| Exercise |
Restate word for word the lines of the material below, from the line with "Gesetzblatt (GBl.) der" to the line with "Urge Pro Deltar", both lines included, and no others.

| Records supplied |
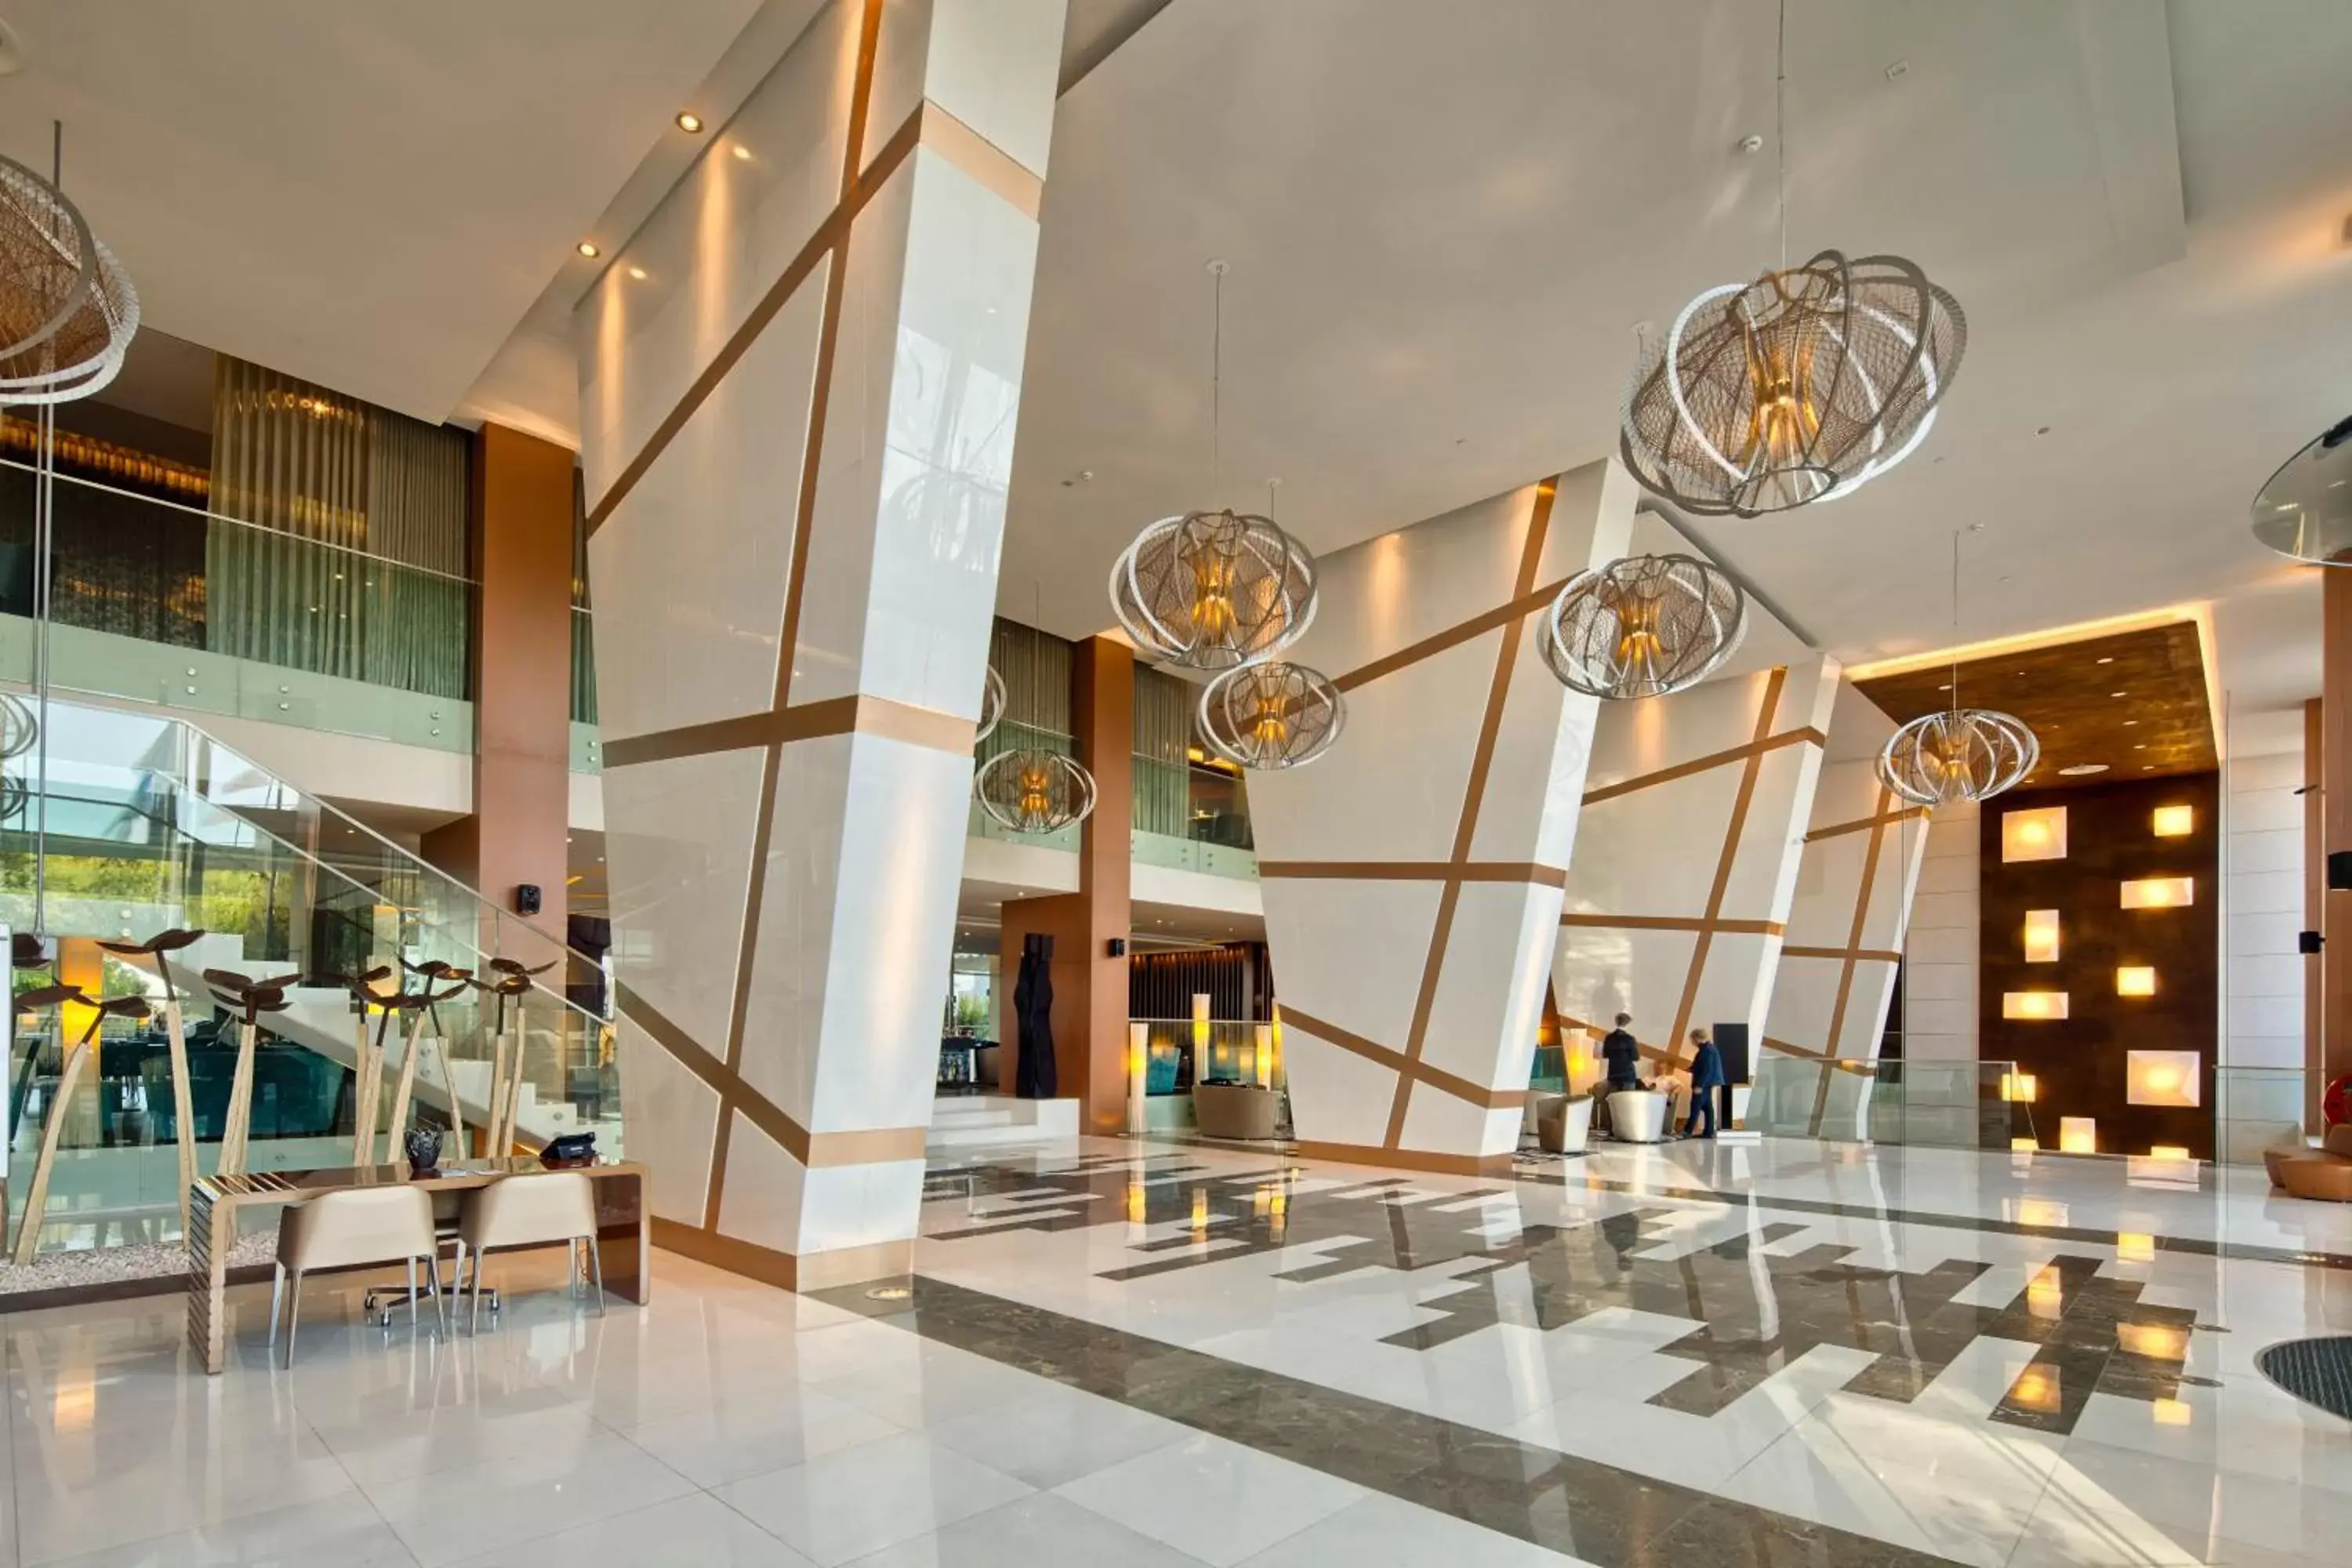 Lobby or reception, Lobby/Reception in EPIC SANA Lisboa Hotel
...
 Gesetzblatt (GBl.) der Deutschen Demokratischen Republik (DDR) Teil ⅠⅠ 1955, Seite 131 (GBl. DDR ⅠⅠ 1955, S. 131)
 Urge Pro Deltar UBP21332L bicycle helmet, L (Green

| Answer area |
 Gesetzblatt (GBl.) der Deutschen Demokratischen Republik (DDR) Teil ⅠⅠ 1955, Seite 131 (GBl. DDR ⅠⅠ 1955, S. 131)
 Urge Pro Deltar UBP21332L bicycle helmet, L (Green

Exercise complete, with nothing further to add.